With its Escheresque staircases, impossibly narrow alleyways and higgledy-piggledy street design, the Old Town is one giant, jaw-dropping visitor’s attraction in itself, but within it you’ll find lots to do. You can have your mind warped in the halls of optical illusions at Camera Obscura (Castlehill) or by learning about the beginning of the cosmos at Dynamic Earth (Holyrood Rd). Explore Auld Reekie’s macabre history by taking one of its many Ghost Tours, venturing into the hidden streets beneath the city via The Real Mary King’s Close (2 High St) or descending into The Edinburgh Dungeon (31 Market St), where the darkness is even more frightening than the actors dressed as Burke & Hare.

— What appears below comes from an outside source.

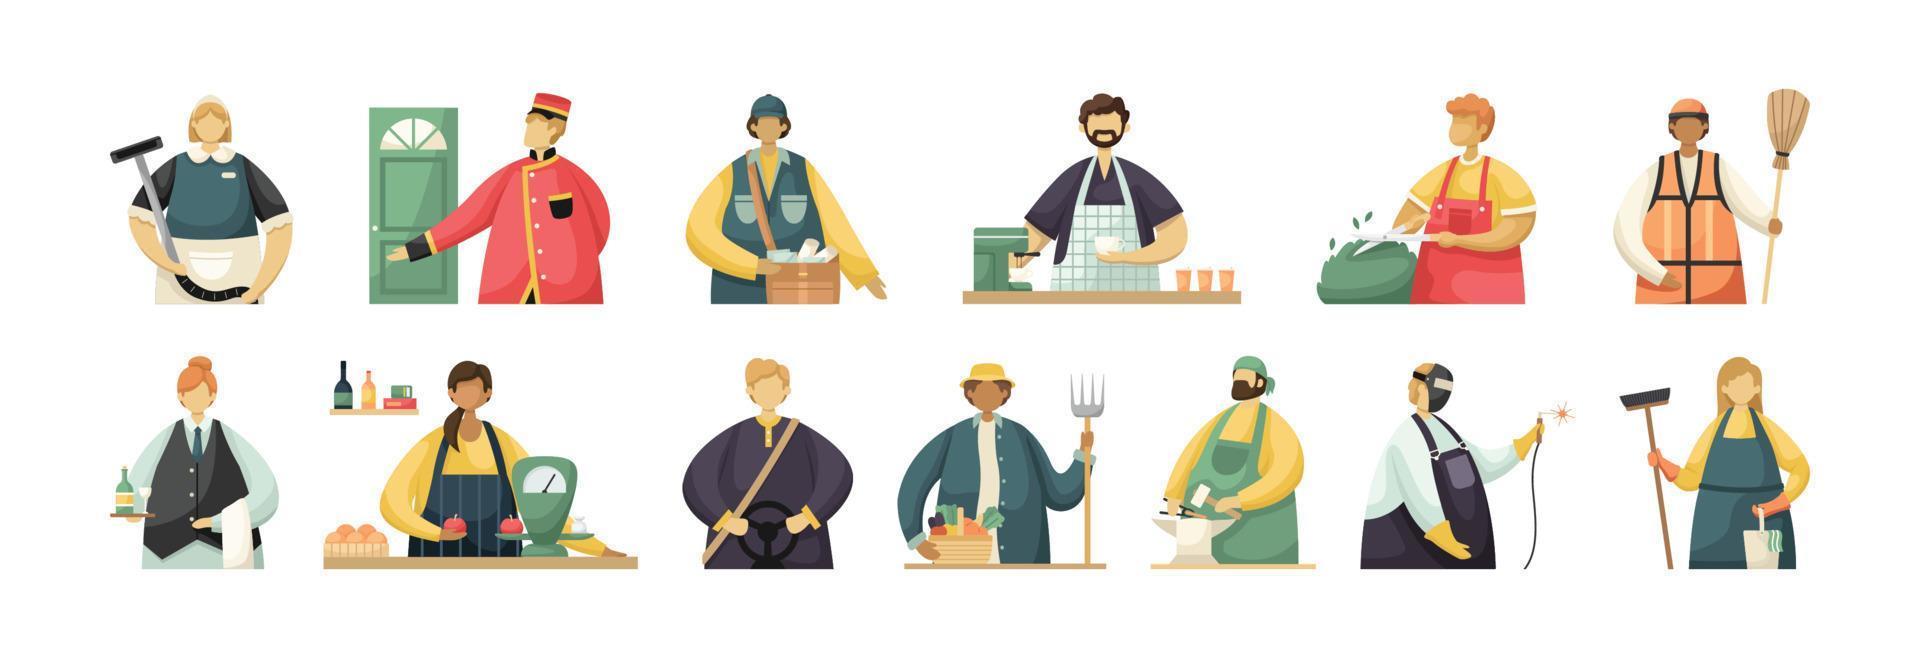 Vector set of illustrations of professional service workers and artisans. Flat style
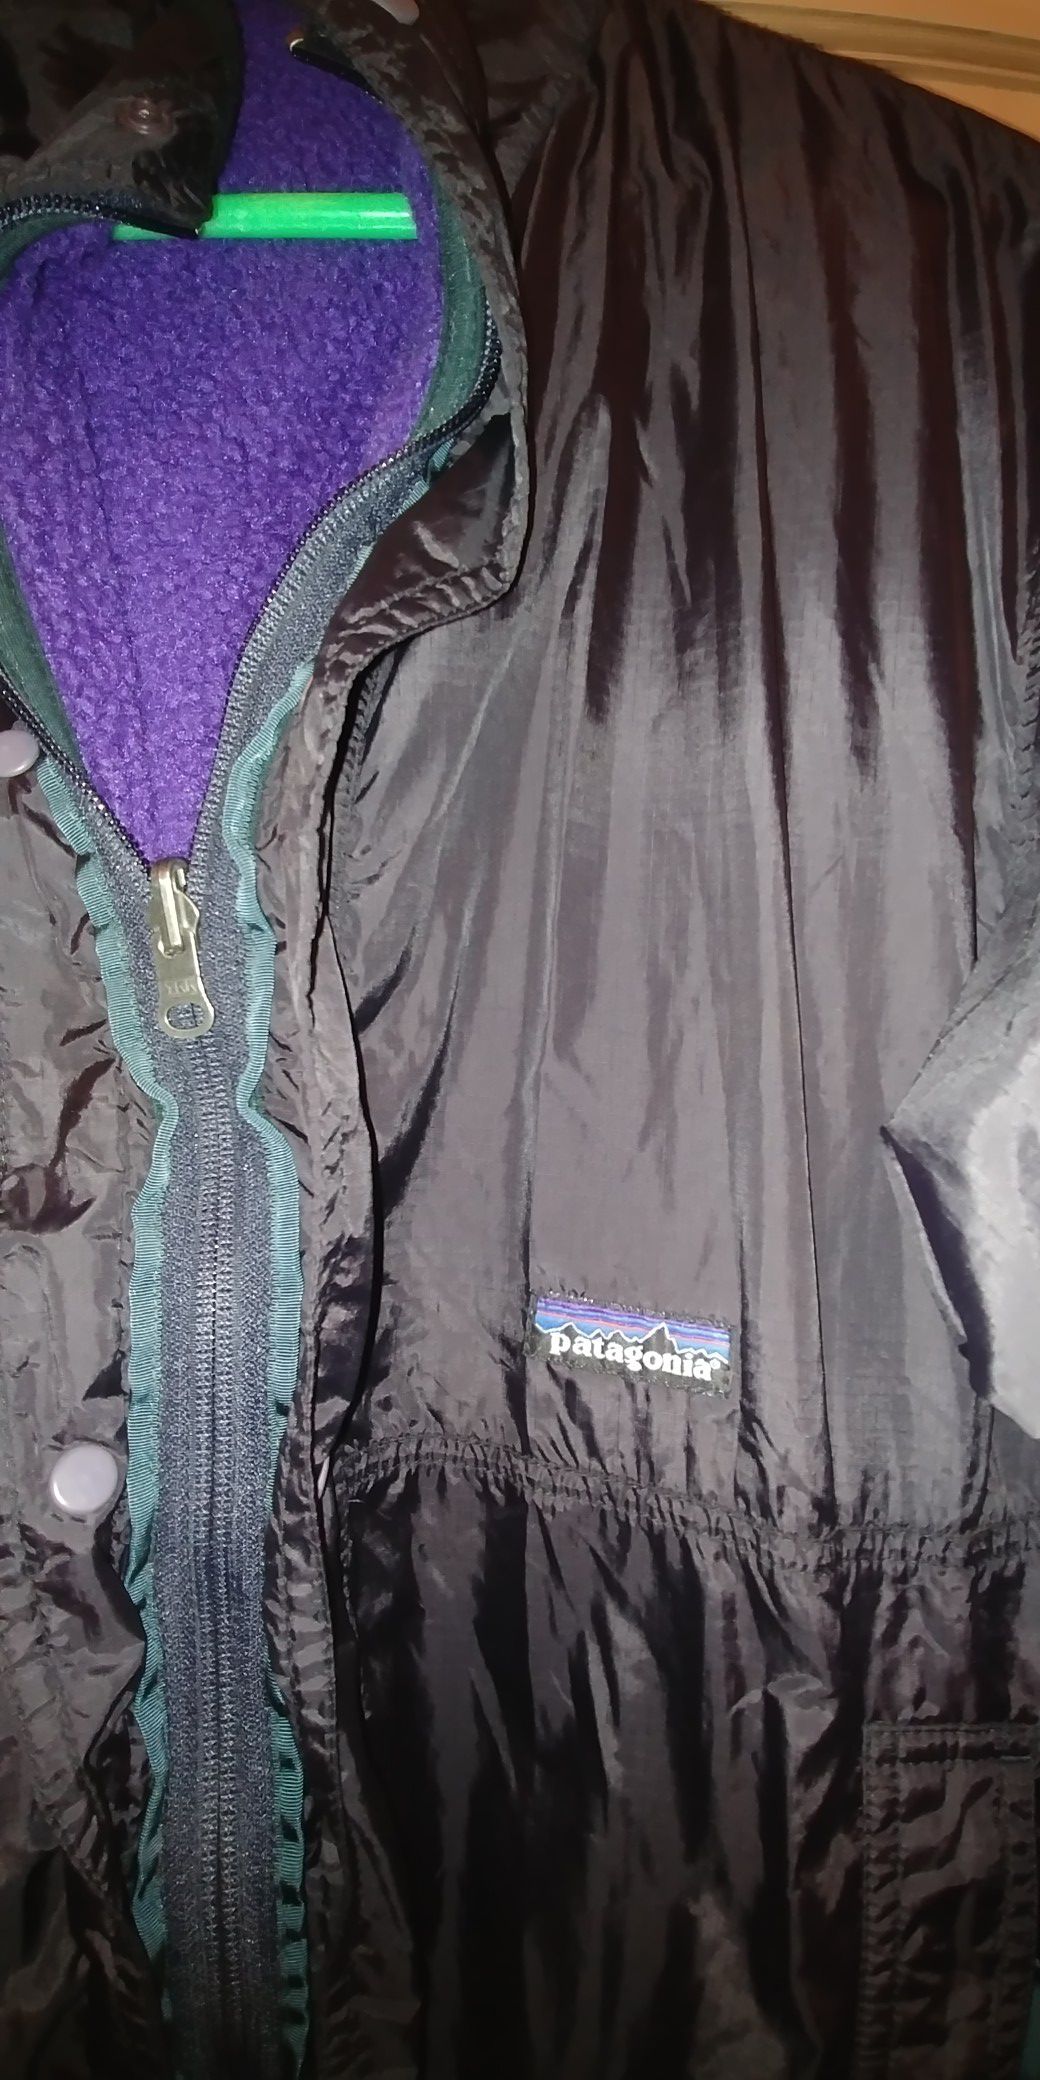 This is a 90s era Patagonia jacket in excellent condition it appears to be a men's large women's extra large

Or if you’re more interested in modern atrocities, there’s always a visit to the Scottish Parliament building (Canongate), where the avant-garde architecture splits the city even more vehemently than a Hibs v Hearts derby. Also worth a visit are St Giles’ Cathedral on the High St (the Avengers fought there once), Holyroodhouse opposite the Parliament (one of Liz’s more humble palaces) and The Scotsman Steps, a gorgeous stairwell from artist Martin Creed made of myriad types of marble. They will lead you to the Fruitmarket gallery (45 Market St), one of the city’s foremost contemporary art spaces.

The Old Town is home, too, to a pair of the city’s most darling kirkyards, Canongate Kirk and the aforementioned Greyfriars. Standing sentinel at the entrance to the latter is a statue of much-loved wee dug, Greyfriars Bobby. But for the love of God, don’t rub his nose for luck – COVID, remember! Oh, we almost forgot. There’s the Castle too, but it’s hard to miss.